I swear tho, there is a sick virus goin around cus everyone and their fathers are gettin sick. And it is no joke. Even my poor bestfriend Denny thas in mormonville right now is sick, nooooo ! It traveled like the, what did he say ? "The sisterhood of the travelin pants" or someshit ? Hahah, that was hella gay Denny and I hope you're readin this. Okaay so I'm 18 years old. It is mid-september and I am already writing my christmas list. WHO CARES, kill me now, and screw yourself. Tahaaaa. And I totally cant wait for my f21 package to come through cus I hella love the hat that I bought. Muahahaha. I love shoppin online cus it allows me to sit and home and disclude the aching pain I get from walkin around at the mall.

Mannnnnnnnnnnn, I wish I went to schoo this semester. I wish I had REAL parents to take care of me, instead of a mom that only cares for herself. I wish I didnt havta fully support myself, but I'm 18 now. I have to. So in that case, schoo isnt in my vocabulary til January and work has me workin like a businesswoman even tho I hate hate hate it. I miss schoo and I miss having homework. I miss those times when people call me and I'll be like, "I'll call you back later ! I'm doin my homework !" Damnit. Now when they call, I have to make up an excuse, like i'm using the ladies room or something. Whatever, this blog is long. For absolutely, NO REASON and it is 3am.

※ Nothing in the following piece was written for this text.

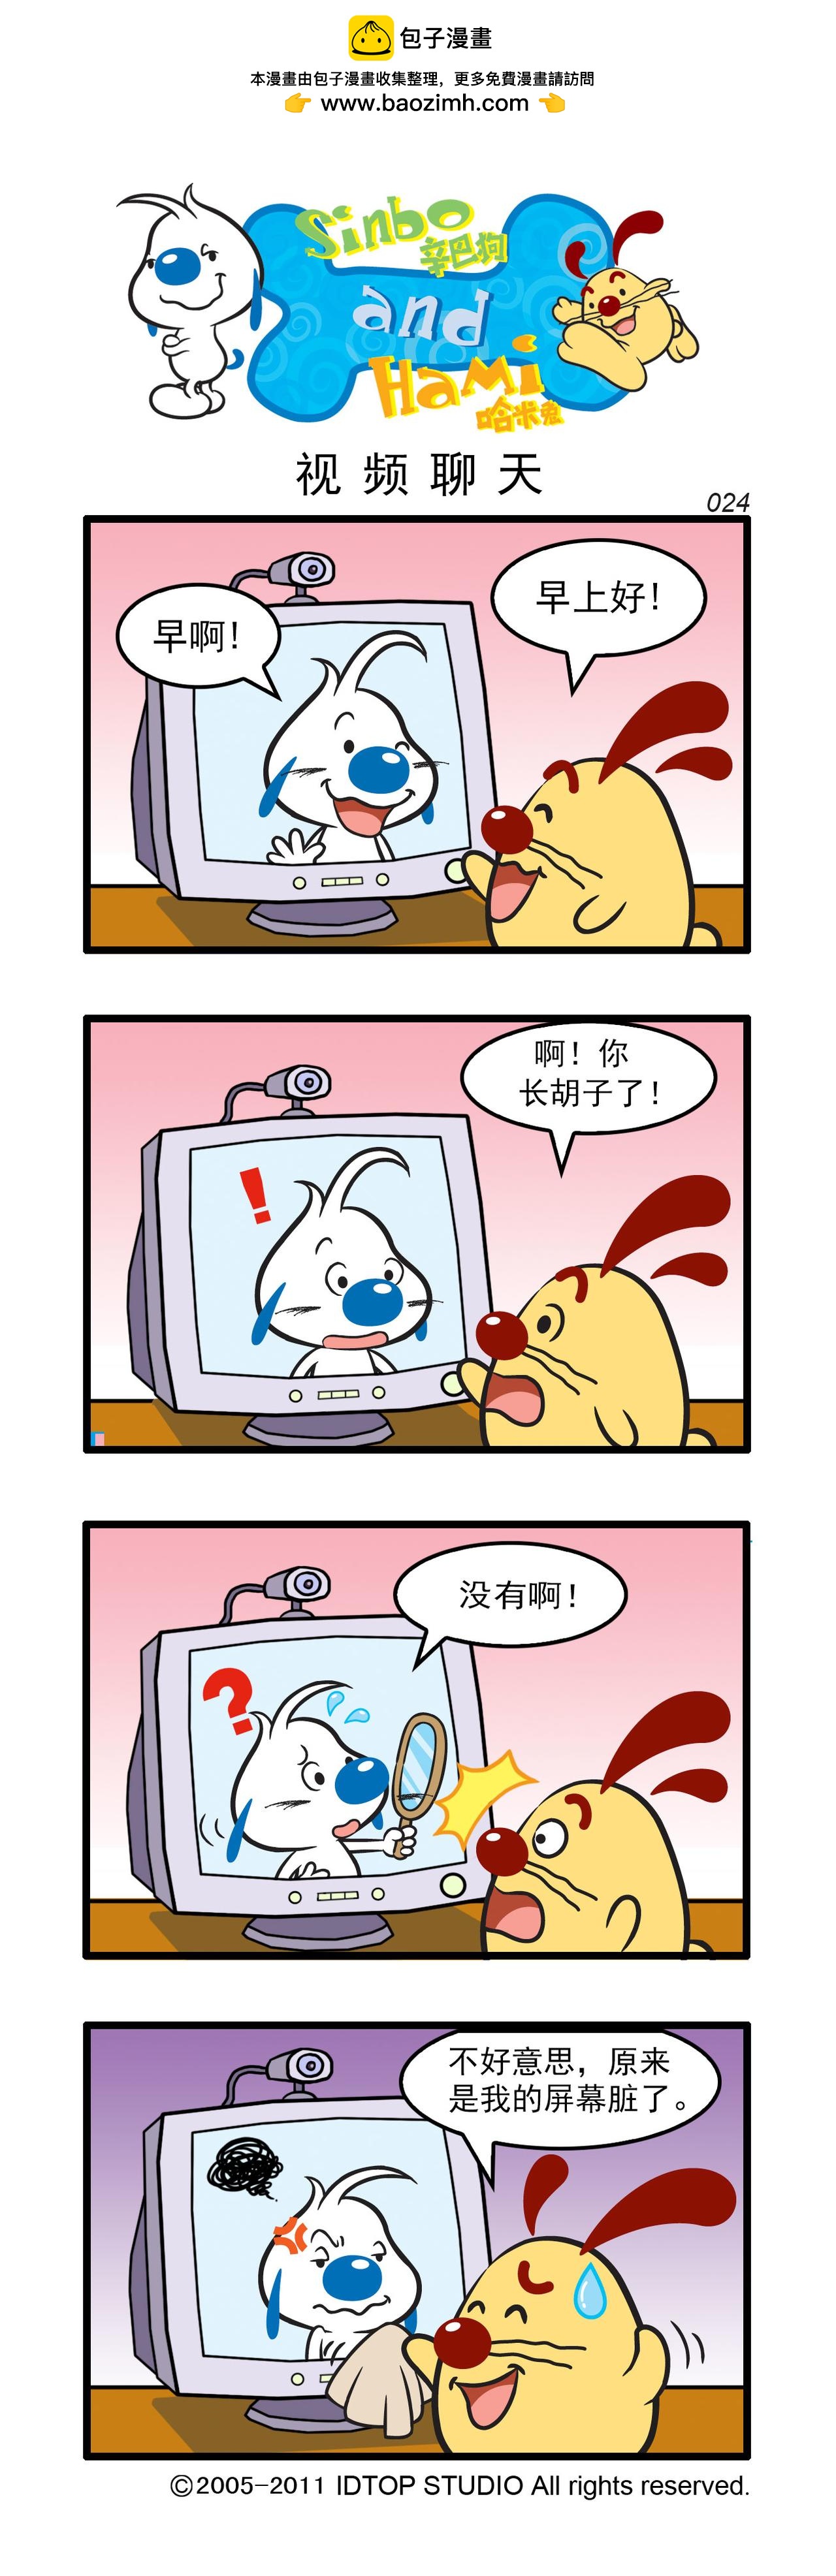 辛巴狗日常漫畫 - 多格7 - 1

PS- I love you Brian Smith. Even tho we're not official. Just know that I hate that I cant truly say that you're my boyfriend cus we're "fixin" things right ? Dont give up on me no matter how confusing I am and how frustrated you get wid me. I know I may be young but my love for you is growin each day no matter what. Even tho we have our times, dont let me go. And no matter what joke I tend to make up that prolly has you thinkin i'm talkin to another guy, dont believe it. I say that shit to get a reaction, which is wrong. Just know that I love you. Okaay ?

1:49AM

There is somethin wrong when i'm up this late and everyone else is sleeping AND there is no food at my house. BOOOOOOOOOOO. I got music tacked in my mind like i'm on drugs, but damn I cant say I dont love it. I needa new playlist tho. Waaaaaaaahhhhhhhhh !

PS- I love online shopping. Package arriving this weekend, woooooo ! (: goodnight lovaas.